▸ Assignment:
In the records below, the line with "candy-king-salt.jpg" opens the range and the line with "Banyan Tree Coconut" closes it; print that range exactly and nothing else.
[[ Given entries open ]]
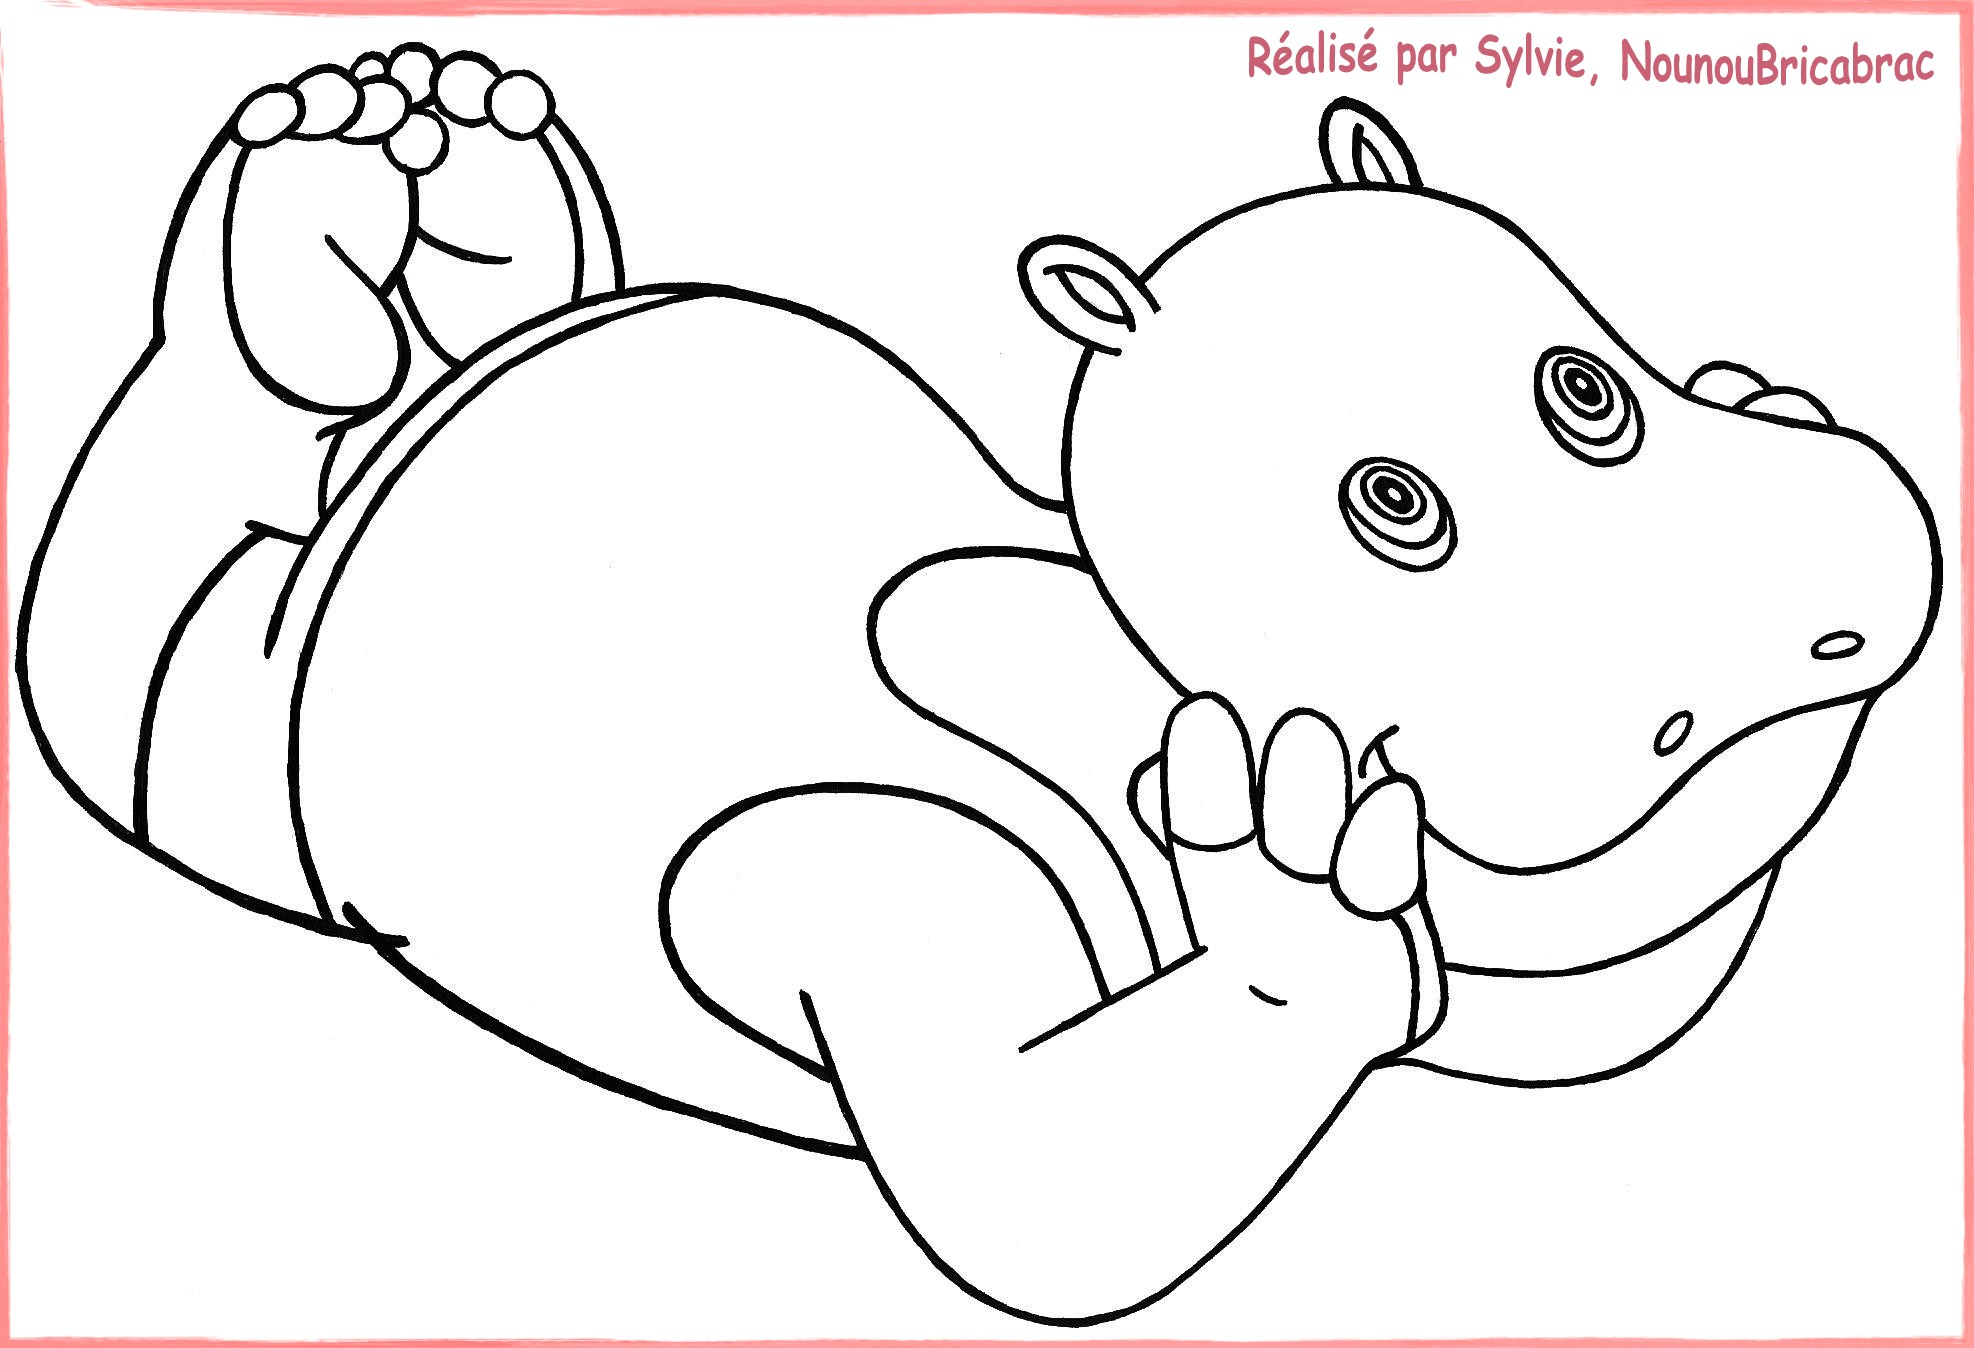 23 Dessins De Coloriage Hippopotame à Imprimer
[[ Given entries closed ]]
[[ Given entries open ]]
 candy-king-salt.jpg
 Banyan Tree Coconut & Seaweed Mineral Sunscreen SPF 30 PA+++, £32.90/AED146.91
[[ Given entries closed ]]
▸ Task answer:
 candy-king-salt.jpg
 Banyan Tree Coconut & Seaweed Mineral Sunscreen SPF 30 PA+++, £32.90/AED146.91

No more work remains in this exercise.